Reputation: 35
I wrote this code to search for an exact word in a text (%PDF-1.1)
import re
x = "%PDF-1.1 pdf file contains four parts one of them the header part which looks like "
s = re.compile("%PDF-\d\.\d[\b\s]")
match = re.search("%PDF-\d\.\d[\b\s]",x)
if match:
print match.group()
else:
print "its not found"
but the problem is if I have "s%PDF-1.1" it returns the result %PDF-1.1 but it is wrong and when x = "pdf file contains four parts one of them the header part which looks like %PDF-1.1" it gives me nothing
how could I search the exact word ????
Upvotes: 0
Views: 867
Reputation: 2323
At the moment, you are searching for the word "%PDF-X-X" (Where X is a number) followed by something more without caring about what come before it. If you want to search this word only at the beginning, end of the string or if it is a word (I assume with a space before and after it) you can try this:
import re
x = "%PDF-1.1 pdf file contains four parts one of them the header part which looks like "
y = "pdf file contains four parts one of them the header part which looks like %PDF-1.1"
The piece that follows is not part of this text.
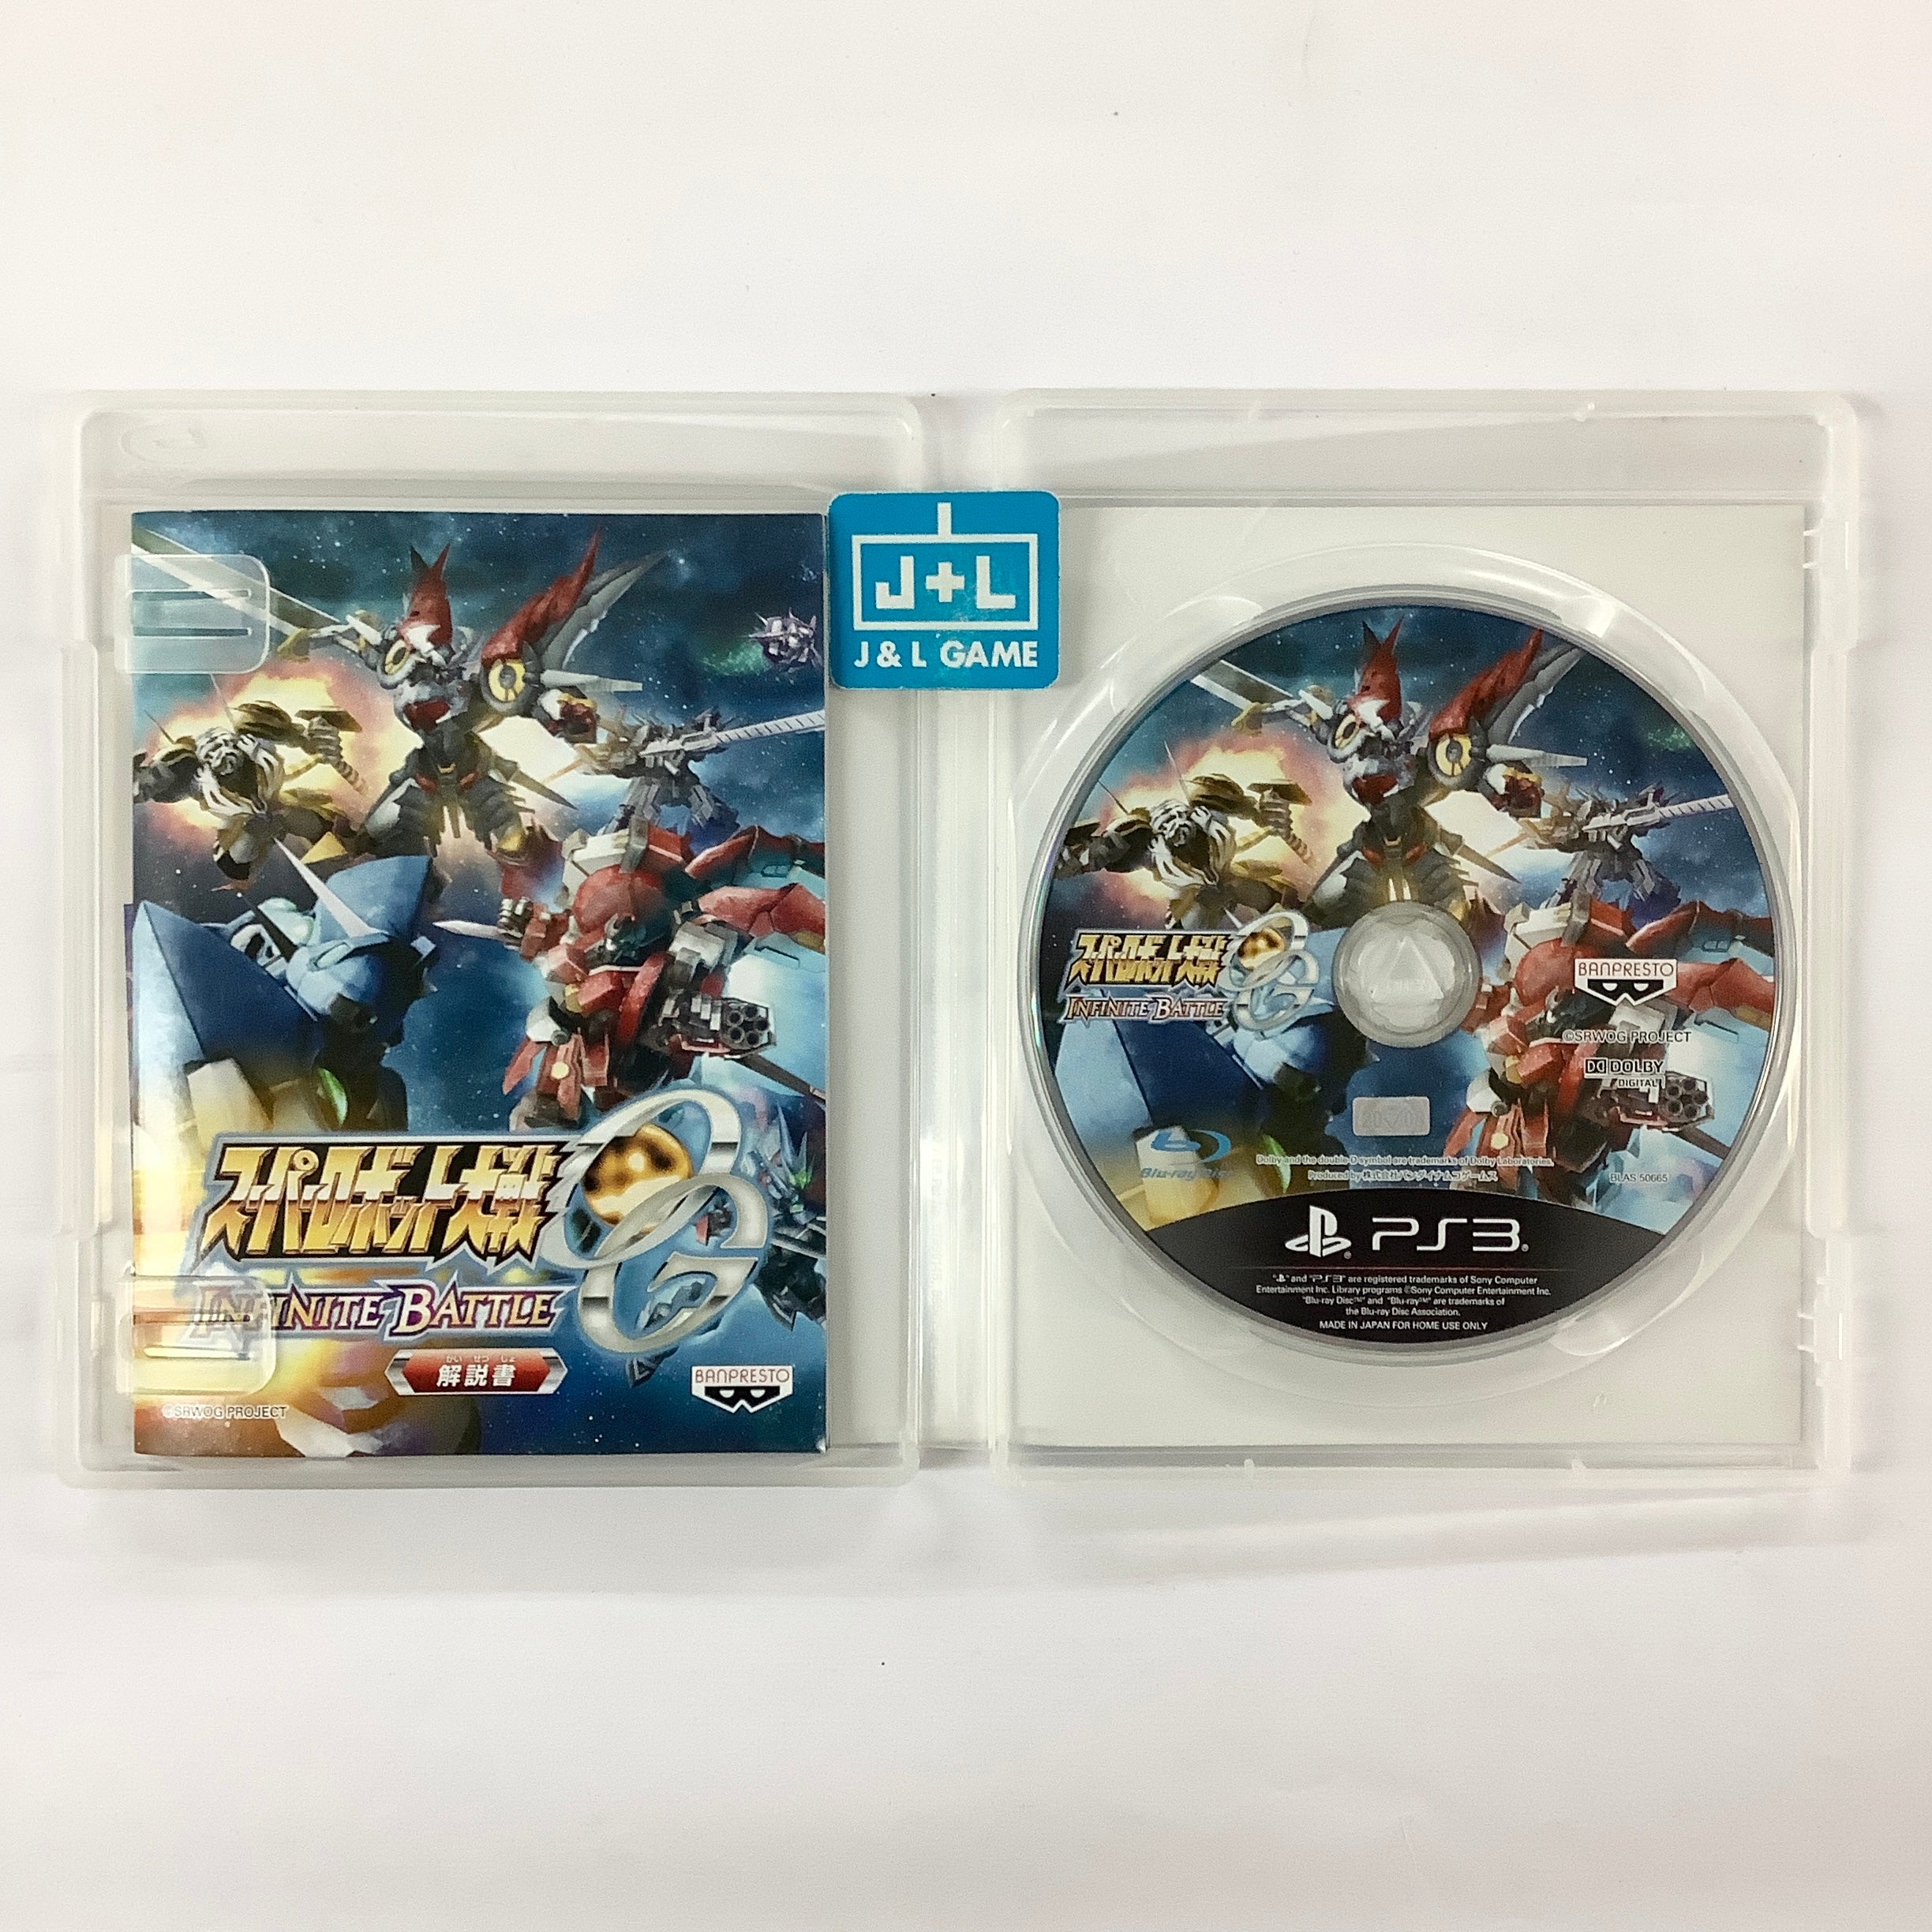 Super Robot Taisen OG Infinite Battle & Super Robot Taisen OG Dark Prison - (PS3) PlayStation 3 [Pre-Owned] (Asia Import) Video Games Bandai Namco Games

s = re.compile("(^|\s)(?P<myword>%PDF-\d\.\d)($|\s)")
match = s.search(x)
if match:
print match.group("myword")
else:
print "its not found"
match = s.search(y)
if match:
print match.group("myword")
else:
print "its not found"
# %PDF-1.1
# %PDF-1.1
If you want that the word is also found if it is followed by a symbol, you can make something like this, that allow that it is followed by anything that is not a letter or a number:
s = re.compile("(^|\s)(?P<myword>%PDF-\d\.\d)($|\s|[^a-zA-Z0-9])")
Upvotes: 1